## DATA:
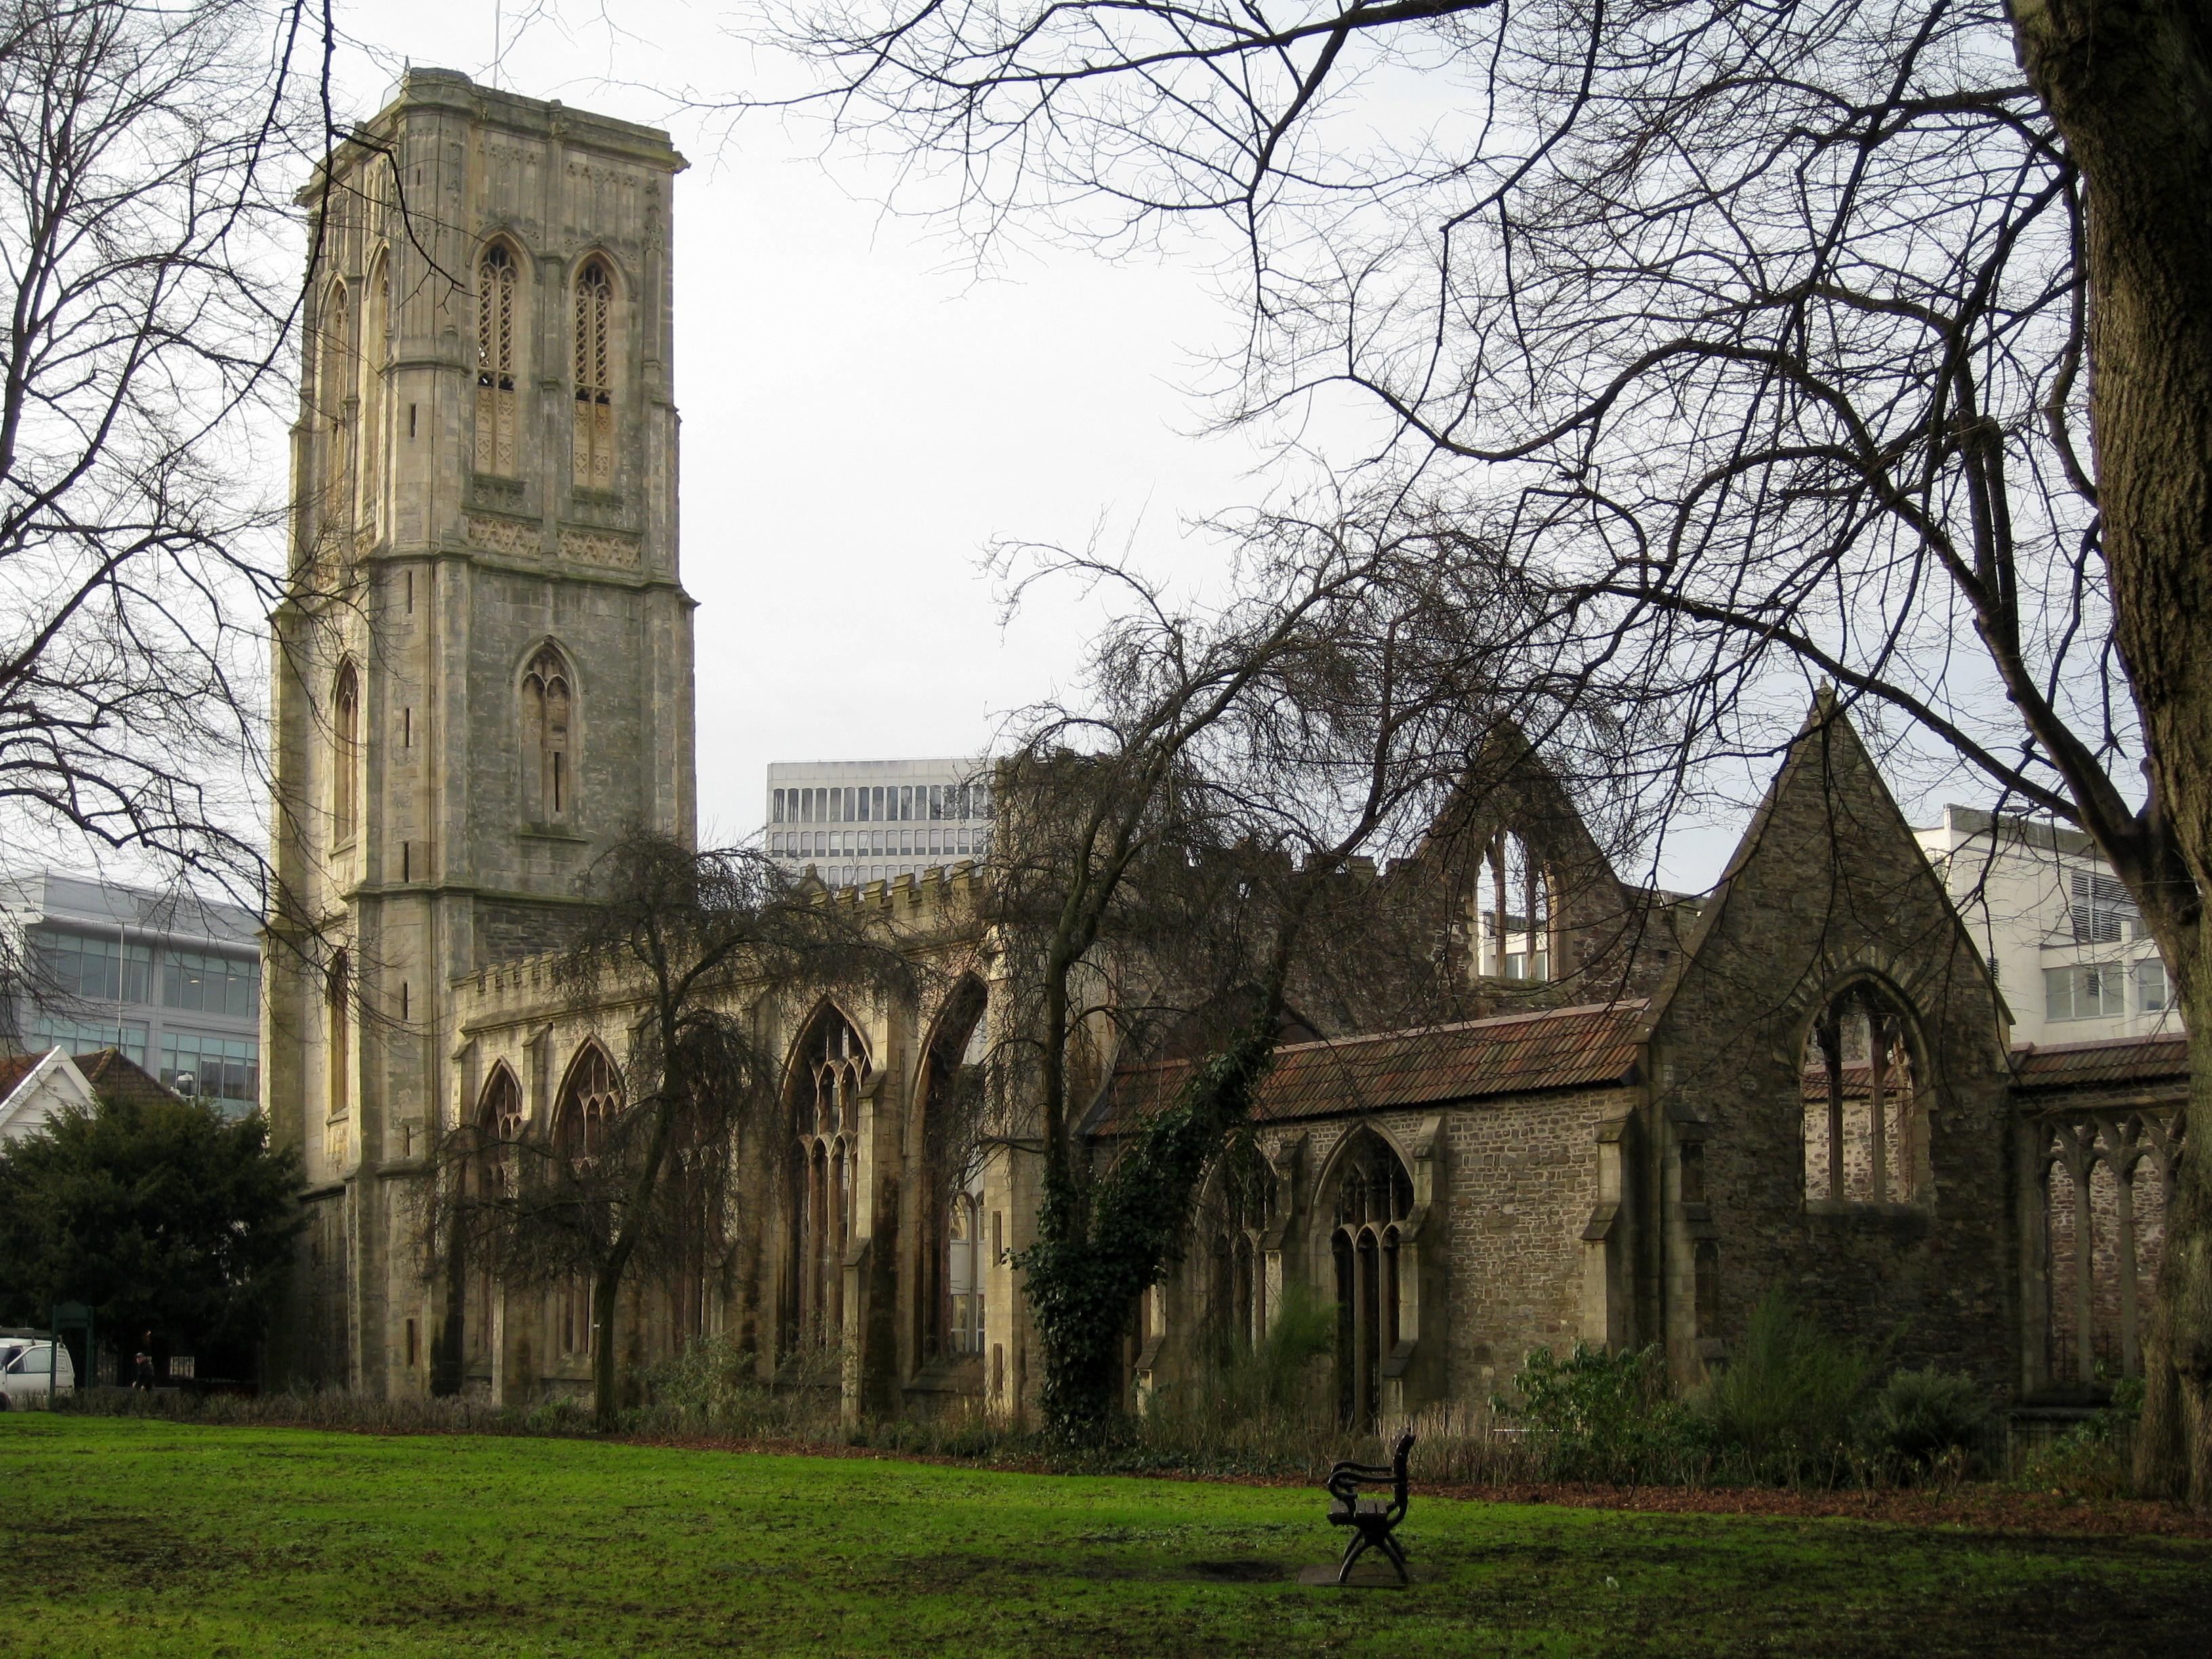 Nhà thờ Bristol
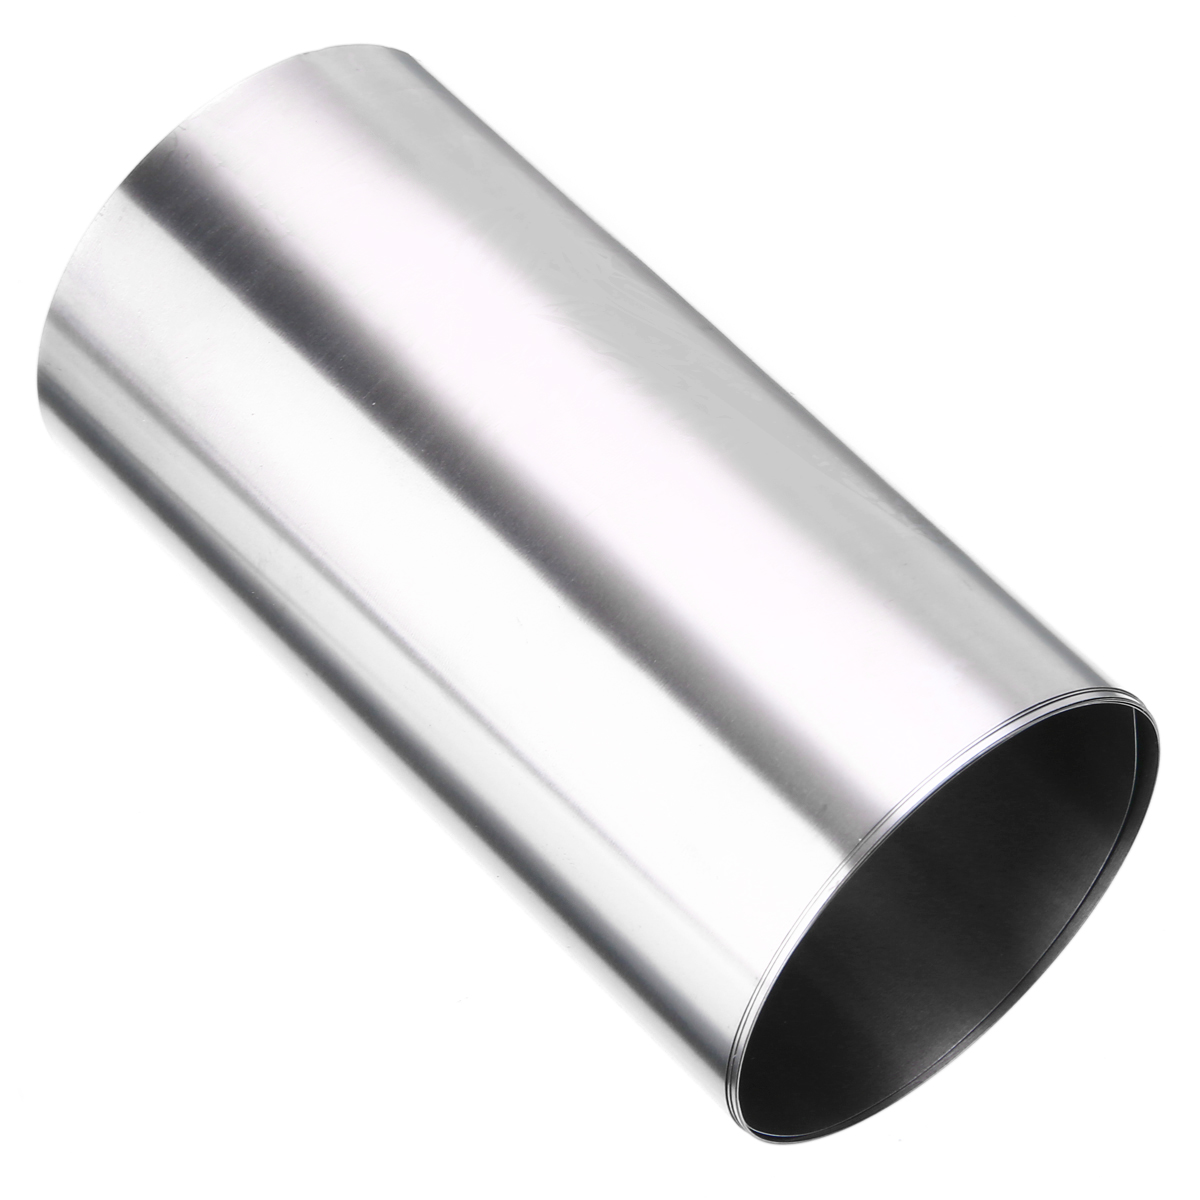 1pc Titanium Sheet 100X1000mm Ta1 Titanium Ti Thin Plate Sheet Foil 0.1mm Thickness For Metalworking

---

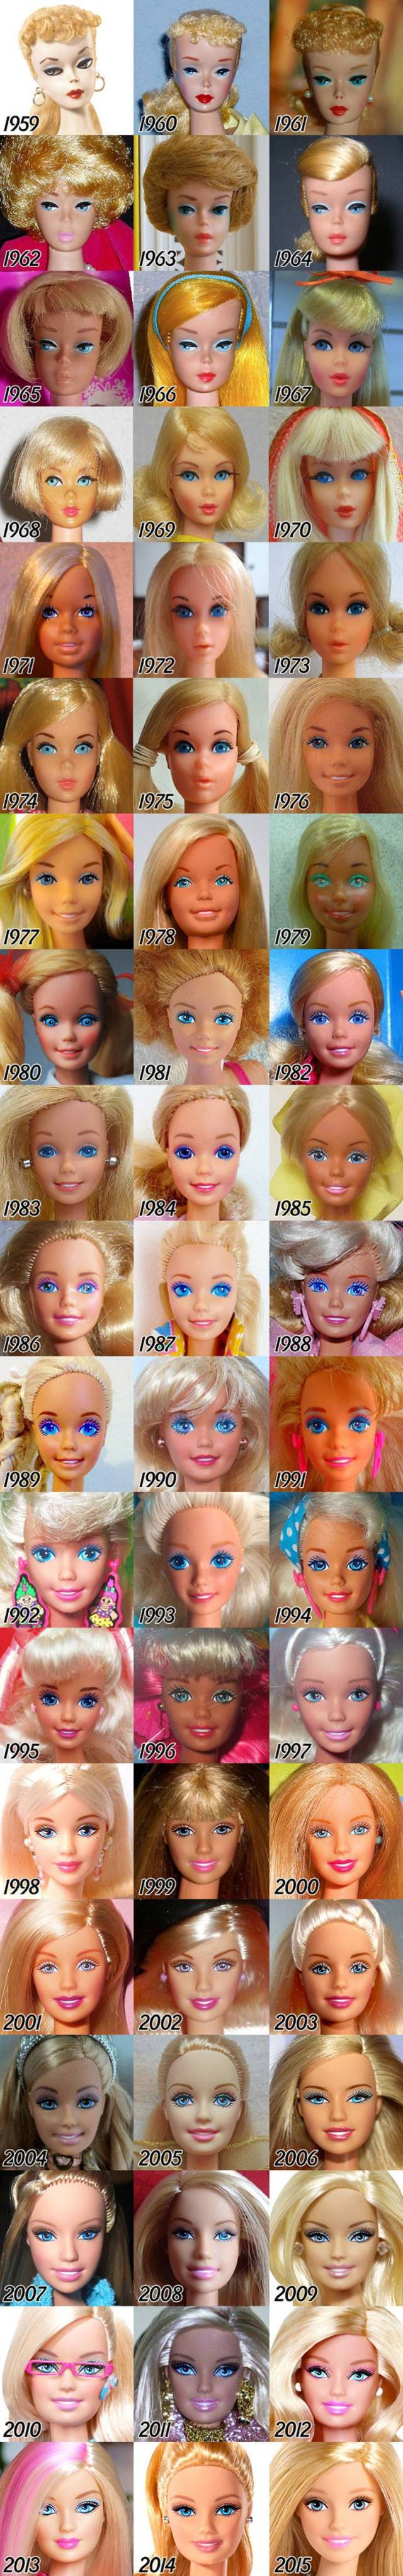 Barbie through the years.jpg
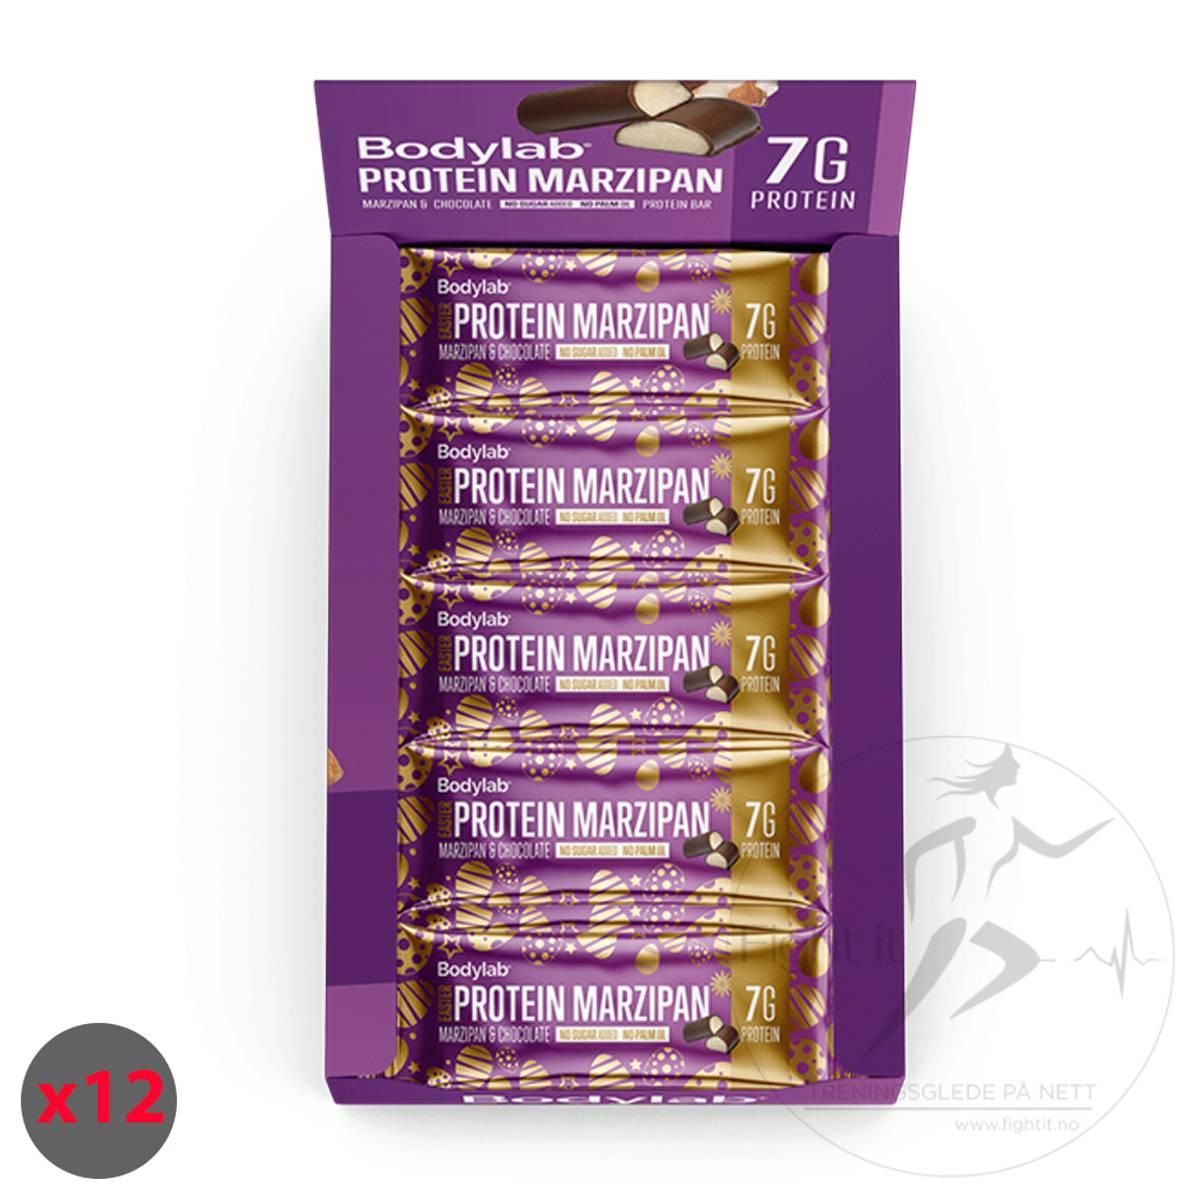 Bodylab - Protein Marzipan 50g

* * *

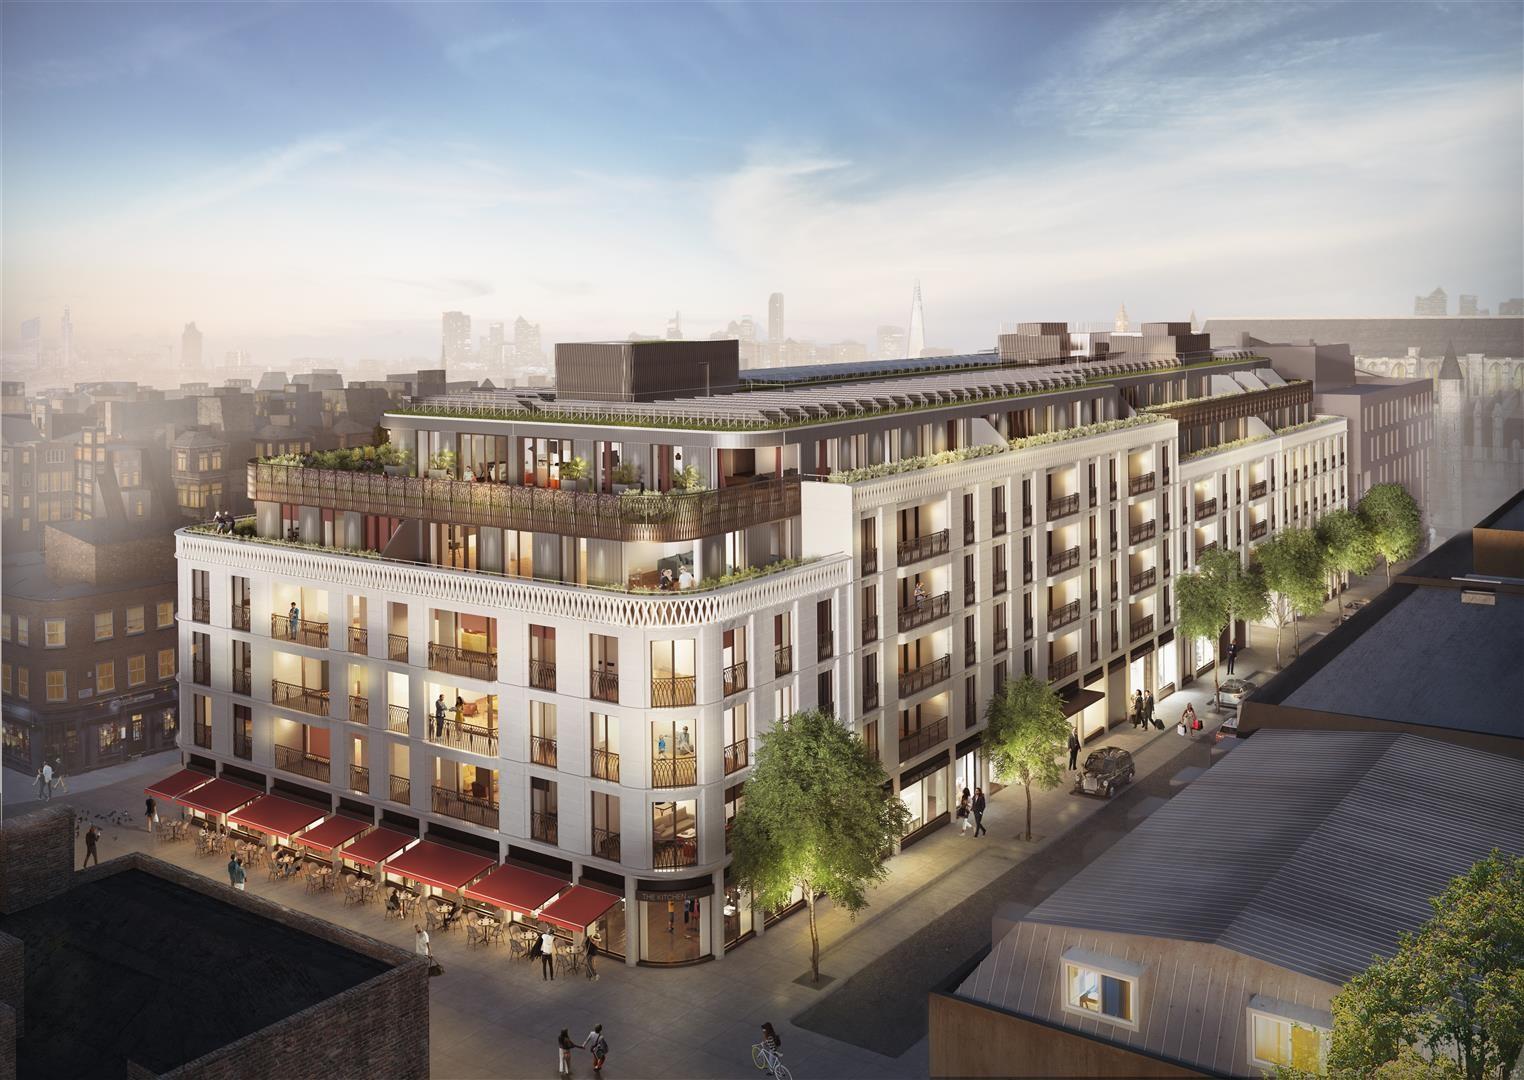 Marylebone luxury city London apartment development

## EXERCISE:
Skip every picture, and restate word for word only the lines above from the line containing "Nhà thờ Bristol" to the line containing "1pc Titanium Sheet", both of them included.

## RESULT FOR THIS TASK:
 Nhà thờ Bristol
 1pc Titanium Sheet 100X1000mm Ta1 Titanium Ti Thin Plate Sheet Foil 0.1mm Thickness For Metalworking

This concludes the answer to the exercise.